TSX Exchange Symbol: RVX
CALGARY, May 1, 2013 /CNW/ - Resverlogix Corp. (TSX:RVX) ("Resverlogix")
today announced that its Board of Directors has unanimously approved
the previously announced Plan of Arrangement ("the Arrangement") to
spin-out its subsidiary RVX Therapeutics Inc. ("RVX Therapeutics").
Resverlogix has entered into an Arrangement Agreement with RVX
Therapeutics and 1741273 Alberta Ltd., a newly-incorporated company
("Spinco"), which provides for, among other things, the acquisition of
RVX Therapeutics by Spinco. Upon completion of the Arrangement,
Resverlogix shareholders will own one common share of Resverlogix and
will receive one common share of Spinco for each Resverlogix common
share held immediately prior to the Arrangement becoming effective.
The Arrangement is subject to customary conditions for a transaction of
this nature, which include court and regulatory approvals, including
TSX acceptance of the Arrangement and the approval of at least 66.67%
of the votes cast by the Resverlogix shareholders present in-person or
by proxy at the special meeting of the shareholders of Resverlogix
("the Meeting"). The Meeting will commence at 11 a.m. MDT, May 28,
2013, at the Hyatt Regency Calgary hotel, Imperial Ballroom (1/2/3) at
700 Center Street SE in Calgary, Alberta.
A management information circular containing a complete description of
the Arrangement has been sent to these shareholders in connection with
the special meeting to approve the Arrangement. The information
circular has also been filed on SEDAR.
Resverlogix shareholders of record on April 25, 2013 will be entitled to
vote at the Meeting. Subject to all necessary approvals being obtained,
it is anticipated that the Arrangement will become effective on or
about June 3, 2013. The Toronto Stock Exchange has determined that the
Due Bill trading procedure will be used in connection with the
distribution of the common shares of Spinco to Resverlogix shareholders
pursuant to the Arrangement. Please refer to the information circular
for further information. Resverlogix anticipates issuing a press
release setting forth the relevant dates for the Due Bill trading
procedure.
Pursuant to the Arrangement, Spinco will also be issued royalty
preferred shares in the capital of Resverlogix which will provide
Spinco with a dividend equal to 6 to 12% of "Net Apo Revenue" as
described in the information circular.
As part of the Arrangement, Resverlogix will transfer to Spinco all of
the indebtedness of RVX Therapeutics owing to Resverlogix.
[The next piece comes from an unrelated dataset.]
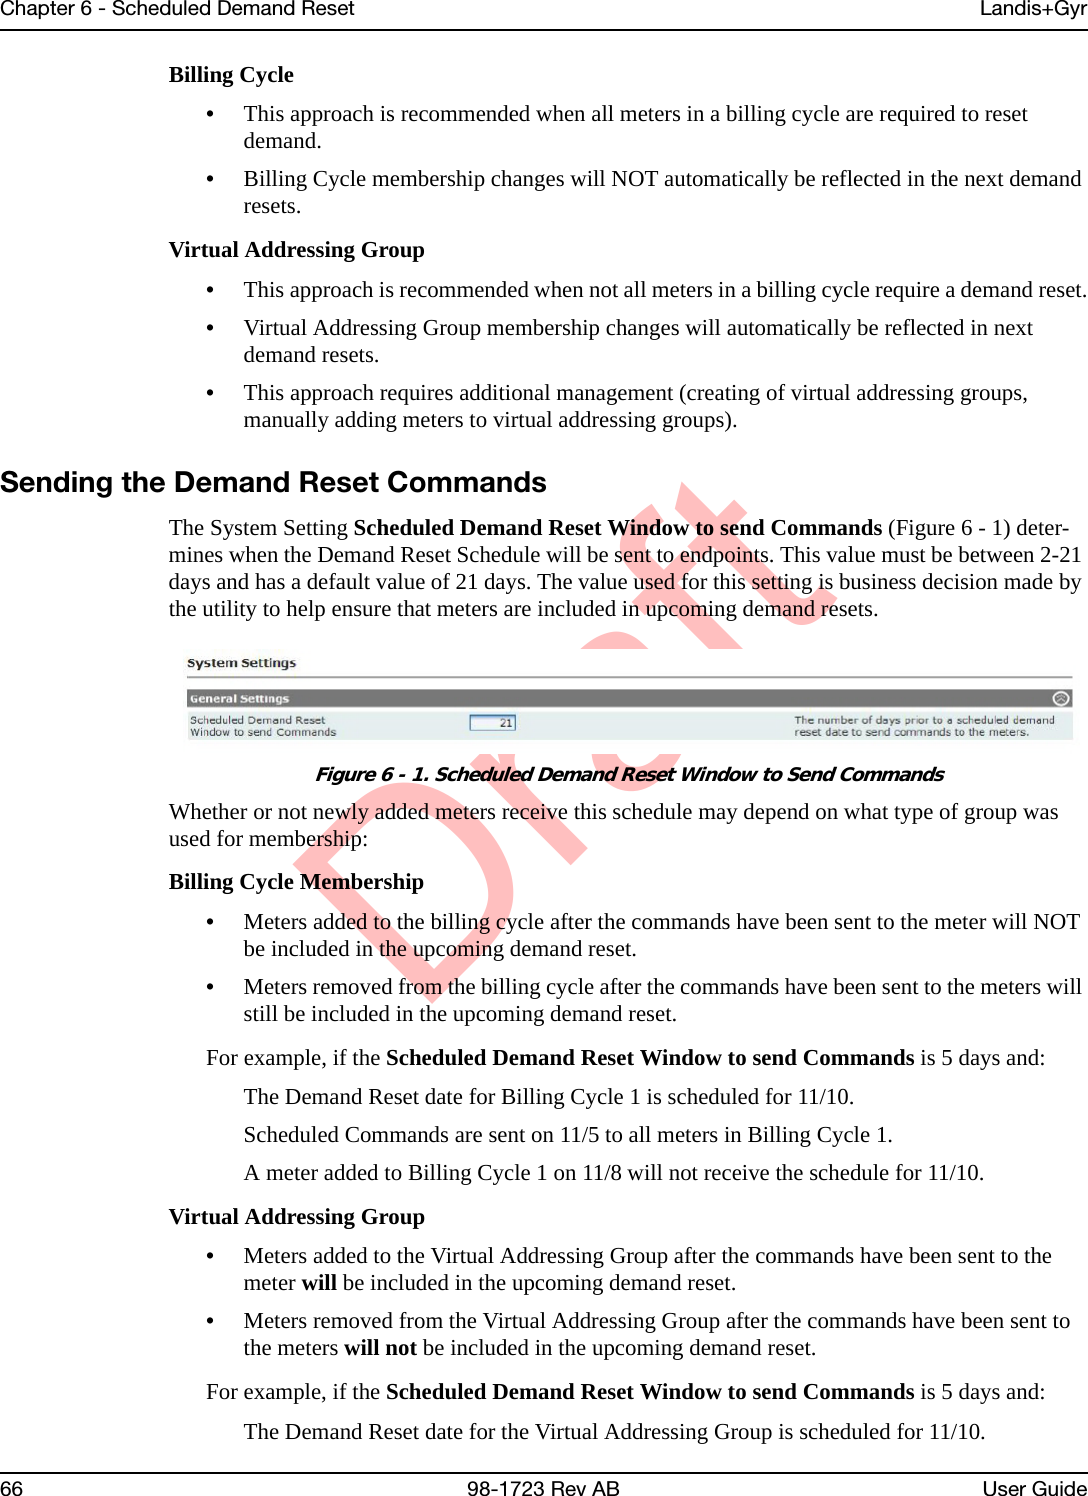 DraftChapter 6 - Scheduled Demand Reset Landis+Gyr66 98-1723 Rev AB User GuideBilling Cycle•This approach is recommended when all meters in a billing cycle are required to reset demand.•Billing Cycle membership changes will NOT automatically be reflected in the next demand resets. Virtual Addressing Group•This approach is recommended when not all meters in a billing cycle require a demand reset.•Virtual Addressing Group membership changes will automatically be reflected in next demand resets.•This approach requires additional management (creating of virtual addressing groups, manually adding meters to virtual addressing groups).Sending the Demand Reset CommandsThe System Setting Scheduled Demand Reset Window to send Commands (Figure 6 - 1) deter-mines when the Demand Reset Schedule will be sent to endpoints. This value must be between 2-21 days and has a default value of 21 days. The value used for this setting is business decision made by the utility to help ensure that meters are included in upcoming demand resets. Figure 6 - 1. Scheduled Demand Reset Window to Send CommandsWhether or not newly added meters receive this schedule may depend on what type of group was used for membership:Billing Cycle Membership•Meters added to the billing cycle after the commands have been sent to the meter will NOT be included in the upcoming demand reset.•Meters removed from the billing cycle after the commands have been sent to the meters will still be included in the upcoming demand reset.For example, if the Scheduled Demand Reset Window to send Commands is 5 days and:The Demand Reset date for Billing Cycle 1 is scheduled for 11/10.Scheduled Commands are sent on 11/5 to all meters in Billing Cycle 1.A meter added to Billing Cycle 1 on 11/8 will not receive the schedule for 11/10.Virtual Addressing Group•Meters added to the Virtual Addressing Group after the commands have been sent to the meter will be included in the upcoming demand reset.•Meters removed from the Virtual Addressing Group after the commands have been sent to the meters will not be included in the upcoming demand reset.For example, if the Scheduled Demand Reset Window to send Commands is 5 days and:The Demand Reset date for the Virtual Addressing Group is scheduled for 11/10.

Resverlogix
will also transfer between $5 and $10 million of cash to provide for
the initial capitalization of Spinco.
Spinco shares will not be listed on any stock exchange. The Spinco Board
will give due consideration in the future as to whether it is in the
best interests of shareholders of Spinco that the shares become
publicly traded.
There can be no assurances or guarantees that the spin-out will be
completed.
About Resverlogix
Resverlogix Corp. (TSX: RVX) is a clinical stage cardiovascular company
with an epigenetic platform technology that modulates protein
production. Resverlogix is developing RVX-208, a first-in-class small
molecule for the treatment of atherosclerosis. RVX-208 is the first BET
bromodomain inhibitor in clinical trials. New compounds arising from
Resverlogix's epigenetic drug discovery platform function by inhibiting
BET bromodomains and have the potential to impact multiple diseases
including autoimmune diseases, cancer and neurodegenerative diseases
and diabetes mellitus. Resverlogix's common shares trade on the Toronto
Stock Exchange (TSX: RVX). For further information please visit www.resverlogix.com. We can be followed on our blog at http://www.resverlogix.com/blog
This news release may contain certain forward-looking information as
defined under applicable Canadian securities legislation, that are not
based on historical fact, including without limitation statements
containing the words "believes", "anticipates", "plans", "intends",
"will", "should", "expects", "continue", "estimate", "forecasts" and
other similar expressions. In particular, this news release includes
forward looking information relating to the completion of the
Arrangement and the funds to be transferred from Resverlogix to Spinco.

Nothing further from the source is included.